See notebooks/drumsep_demo.ipynb for an interactive walkthrough with spectrogram visualizations.

How It Works

drums.wav
    │
    ▼
┌──────────┐
│   HPSS   │──── Harmonic-Percussive Source Separation
└────┬─────┘
     │
     ├─── percussive ──► Dual STFT (4096-point FFT)
     │                       │
     │                  ┌────┴────────────────────┐
     │                  │   Frequency Masking      │
     │                  │   (soft 20Hz roll-offs)  │
     │                  └────┬────────────────────-┘
     │                       │
     │               ┌──────┼──────┬──────┐
     │               ▼      ▼      ▼      ▼
     │             kick   snare   toms   (full signal)
     │              │                      │
     │         transient              ┌────┴────┐
     │          gate +                ▼         ▼
     │         spectral             hihat    cymbals
     │          gate          (onset-weighted)  │
     │              │                      subtract
     │              ▼                      hihat
     │         [optional]
     │         debleed vs
     │         bass stem
     │
     └─── original stereo ──► correlation-based L/R gain recovery
                                        │
                                        ▼
                               5 stereo WAV files
  1. HPSS pre-processing — isolates transients from sustained content
  2. Dual STFT — percussive component for kick/snare/toms, full signal for hihat/cymbals (preserves harmonic shimmer)
  3. Frequency masking — soft masks with 20Hz transition roll-offs target each instrument's range
  4. Transient-aware kick detection — onset envelope + spectral flux gate passes full energy during hits, attenuates bass bleed between hits
  5. Spectral gate — attack/release envelope on kick (3-frame attack, 8-frame exponential decay)
  6. Cross-stem debleed — optional Wiener-filter soft masking removes bass content from kick using cosine similarity
  7. Stereo restoration — correlation-based L/R gain recovery from original stereo image

Sub-stems

Stem Range Source Description
kick 20-100Hz Percussive STFT Low-frequency transients with transient + spectral gate
snare 150-300Hz + 2-4kHz Percussive STFT Body + crack (dual-band)
hihat 6-12kHz Full STFT High-frequency transient bursts, onset-weighted
cymbals 3-16kHz Full STFT Crashes/rides (hihat-subtracted)
toms 80-400Hz Percussive STFT Mid-frequency transients (kick/snare-subtracted)

API Reference

separate(drums_path, output_dir="./stems", bass_path=None, enhanced=True, on_progress=None)
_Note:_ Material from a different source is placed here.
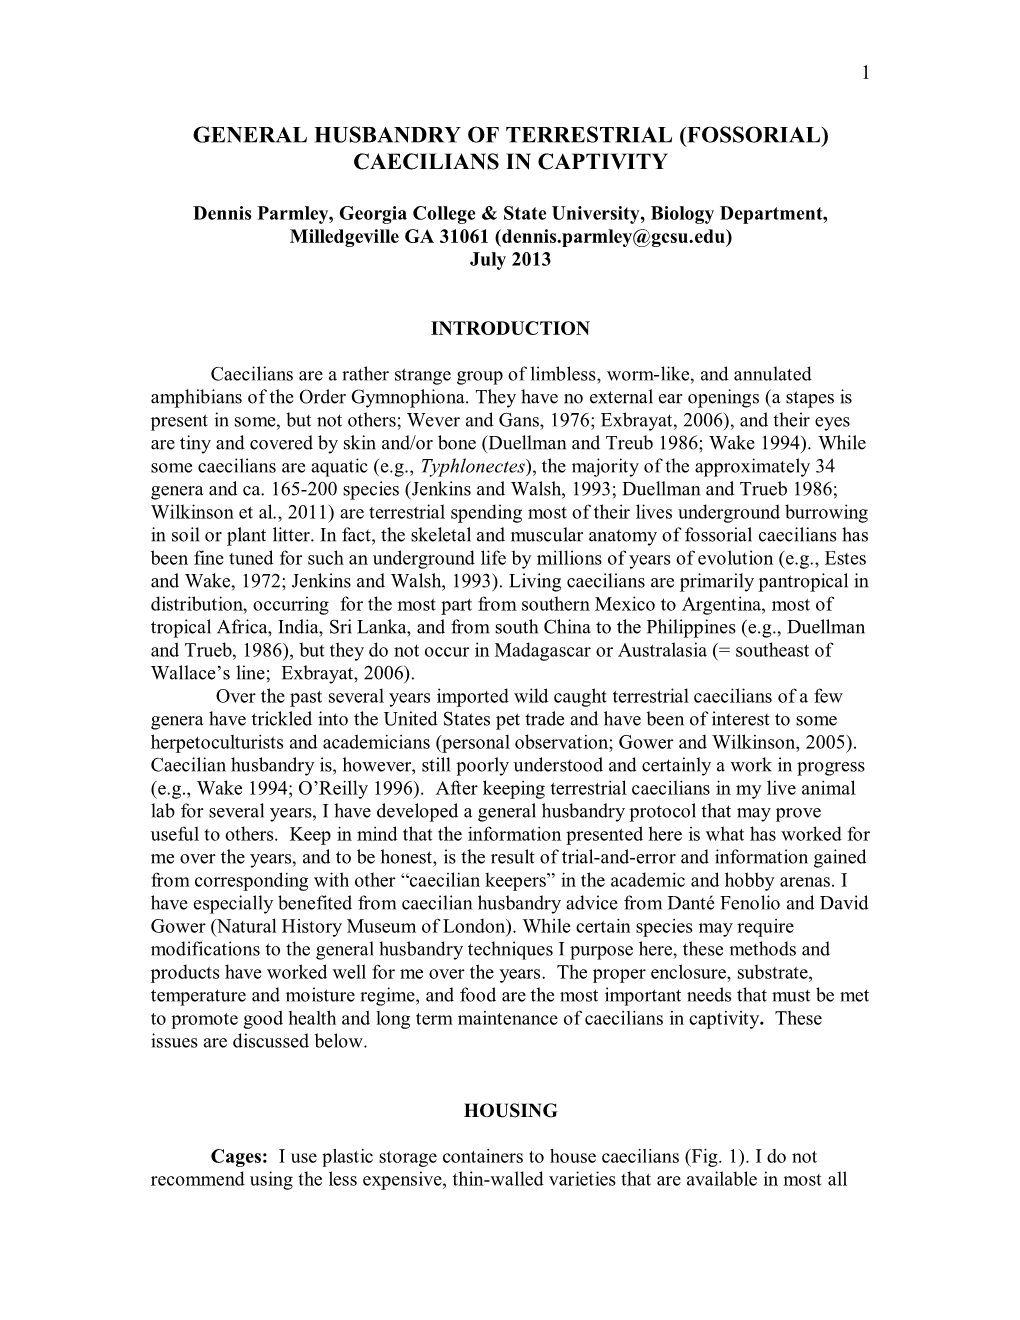 General Husbandry of Terrestrial (Fossorial) Caecilians in Captivity

Separate drums audio into 5 sub-stems. Returns SeparationResult with .stems dict and .processing_time.

  • drums_path — path to input drums WAV/FLAC/MP3
  • output_dir — directory for output stems (created if needed)
  • bass_path — optional bass stem for kick debleeding
  • enhanced — enable HPSS + transient detection (default: True)
  • on_progress — callback (percent: int, message: str) -> None, percent ranges 0-100

analyze_kick(audio_path)

Analyze kick drum audio. Returns KickAnalysis with:

  • fundamental_freq — dominant frequency in Hz
  • sub_bass_energy — energy in 20-80Hz band (dB)
  • attack_timing_ms — onset to peak time
  • decay_time_ms — peak to 50% energy time
  • transient_ratio — attack vs total energy (0-1)
  • spectral_centroid — brightness (Hz)
  • onsets_per_second — kick rate

DrumSeparator(enhanced=True, cancel_event=None)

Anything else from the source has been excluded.